“Una volta c'era un re…” Once upon a time, there was a king. So sooty Angelina serenades us from the hearth in Rossini’s adaptation of Perrault’s Cinderella tale, presented this autumn by Welsh National Opera, Joan Font's production revived by Xevi Dorca. It’s a story that runs much as you expect, albeit with wily court philosopher Alidoro in the place of the usual fairy godmother, with goodness rewarded and snotty arrivistes brought low at the end (more or less).

Joan Guillén’s designs teeter between the sunny and the surreal, a sweetshop whose confections are laced with acid. Costumes are 18th-century(ish), but the wild colour scheme blazes garishly: Hogarth screen-printed by Andy Warhol. The backdrops are plainer, more monumental, like the strange dreamscapes of Giorgio de Chirico: there is a particularly glorious coup de théâtre that sees the fireplace where Angelina toils ascend to reveal two huge and mysterious doors, behind which her wishes shall be granted. 

And there are the mice: six actors forming a rodent chorus, skittering about the stage and cleaning their ears with disconcerting verisimilitude. Their masks, both adorable and slightly unsettling, resonate with the commedia dell’arte background and the enigmatic, dream-like weave of the staging. Their antics are sensitively considered, and reflective of the production’s superb movement direction, heavy on slapstick that sits easily with the hallucinogenic spectacle.  

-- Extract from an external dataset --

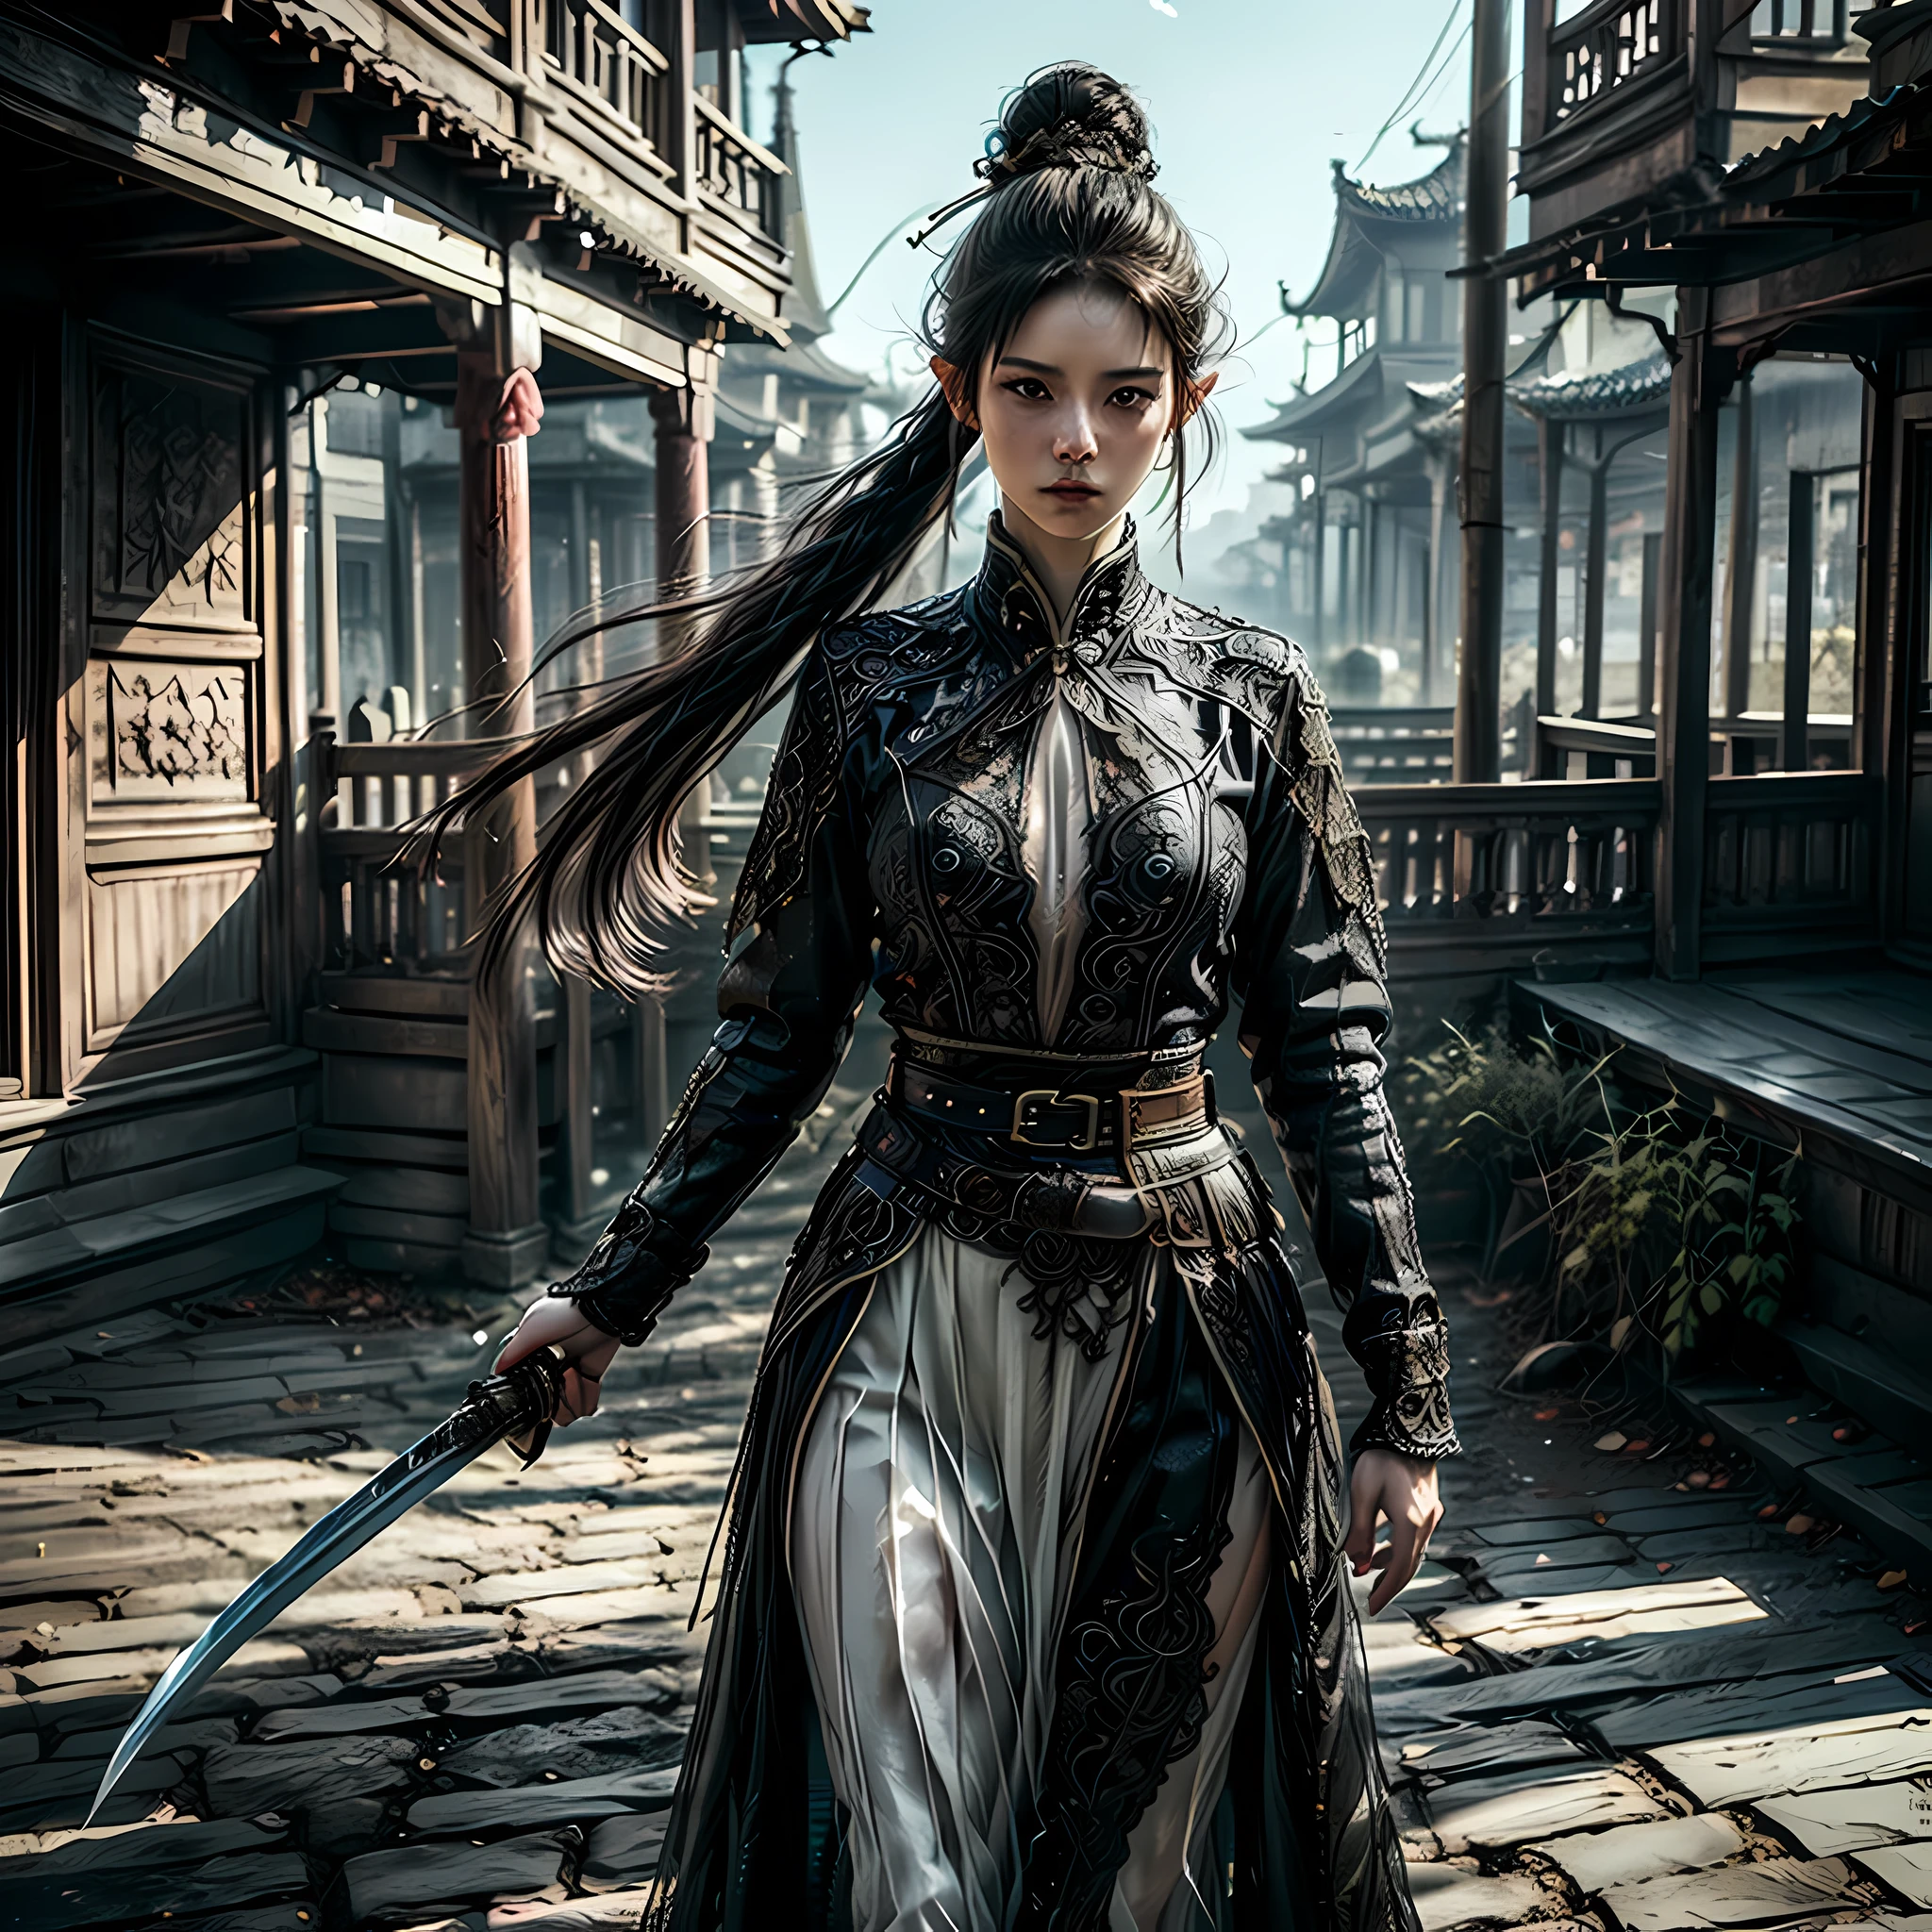 a picture of a female elf (intense details, Masterpiece, best quality: 1.5) fantasy swashbuckler, fantasy fencer, armed with a slim sword, shinning sword, metallic shine, colorful clothes, dynamic clothing, an ultra wide shot, full body (intense details, Masterpiece, best quality: 1.5)epic beautiful female elf (intense details, Masterpiece, best quality: 1.5), rich hair, braided hair, small pointed ears, GlowingRunes_pink [colorful magical sigils in the air],[ colorful arcane markings floating] (intricate details, Masterpiece, best quality: 1.6), holding a [sword] (intricate details, Masterpiece, best quality: 1.6) holding a [sword glowing in red light]fantasy urban street (intense details, Masterpiece, best quality: 1.5),  purple cloak, long cloak (intense details, Masterpiece, best quality: 1.5), sense of daring, sense of adventure,  high details, best quality, 8k, [ultra detailed], masterpiece, best quality, (extremely detailed), dynamic angle, ultra wide shot, photorealistic, RAW, fantasy art, dnd art,fantasy art, realistic art, xuer Ancient Chinese sword

Tara Erraught gave us a gently humane Angelina, whose attempt to reconcile herself with Don Magnifico and her sisters is genuinely touching; so too is her relationship with the actor-mice, where her kindness and empathy for her fellow downtrodden creatures glows warmly. Her voice is richer and smokier than your usual mezzo, with the charcoal shading of the contralto lower down. These darker hues deepen her characterisation as inward, dreamy, even melancholy, in contrast with the fizz and glitter of her boisterous, preening siblings, Clorinda and Tisbe, sung with just the right degree of sugary, superficial giddiness by Aoife Miskelly and Heather Lowe. Perhaps it was part of Erraught’s characterisation that it felt slightly as if she was holding something back, the most withdrawn of the characters on stage, which in turn made her pyrotechnics feel a bit understated, though certainly executed with finesse.  

A little more command and volume would’ve been welcome from Matteo Macchioni’s Don Ramiro, although admittedly it is not an opera that offers extensive opportunities for the lead tenor in terms of show-off moments or character development, even if his scenes with Dandini sparkled. He has a silken, delicate voice, which although not hefty delivered textbook bel canto singing: I just wish he’d shown off those wonderfully ringing high notes a little more.  

This opera has rather a heavy preponderance of bass and baritone numbers, and Giorgio Caoduro’s Dandini clearly relished his time in the spotlight. But one can hardly blame the cast for bringing such colour and zest to the minor characters. Fabio Capitanucci’s Don Magnifico played his part as social-climbing hypocrite to a tee, and Alidoro was sung by Wojtek Gierlach in one of the star turns of the night: his voice had the velvety authority of Sarastro, albeit on prozac, and he was all magic and atmosphere, impressing with patter and pure cantabile alike. The men of the WNO chorus were full of life too.   

Tomáš Hanus took things at quite a lick: sometimes if felt like the singers and orchestra were trying to outrun each other when firing off the great salvos of machine-gun patter this opera so mercilessly demands: very exciting, but the price was some coherence in the ensemble. But the orchestra didn’t put a foot wrong when skating over Rossini’s polished surfaces with supreme élan, supported by a particularly tight weave from the string sections, flexible and firm in equal measure.  

The very final seconds offer a dark twist: just at the moment of Angelina’s triumph, the chimney comes down, she’s given back her broom, and the curtain falls as she returns to her chores. It was a dream all along. It’s a clever, off-kilter volte-face, and speaks to the unsettling design and woozy unreality pervading the piece. The text often has characters saying that they can’t believe what’s going on, that it must be a dream, and that all this confusion is bit of a cosmic headache; we might too see the seed of this idea in Angelina’s folkloric ‘Once upon a time’, the tale of a bored king seeking a peasant girl, that absorbs her in the first scene. It’s an unobtrusive but thoughtful take on this sunlit, humane farce. And Angelina’s delusion, if that’s what this is, tells us that there is nothing simple about our fondness for any story that takes place once upon a time.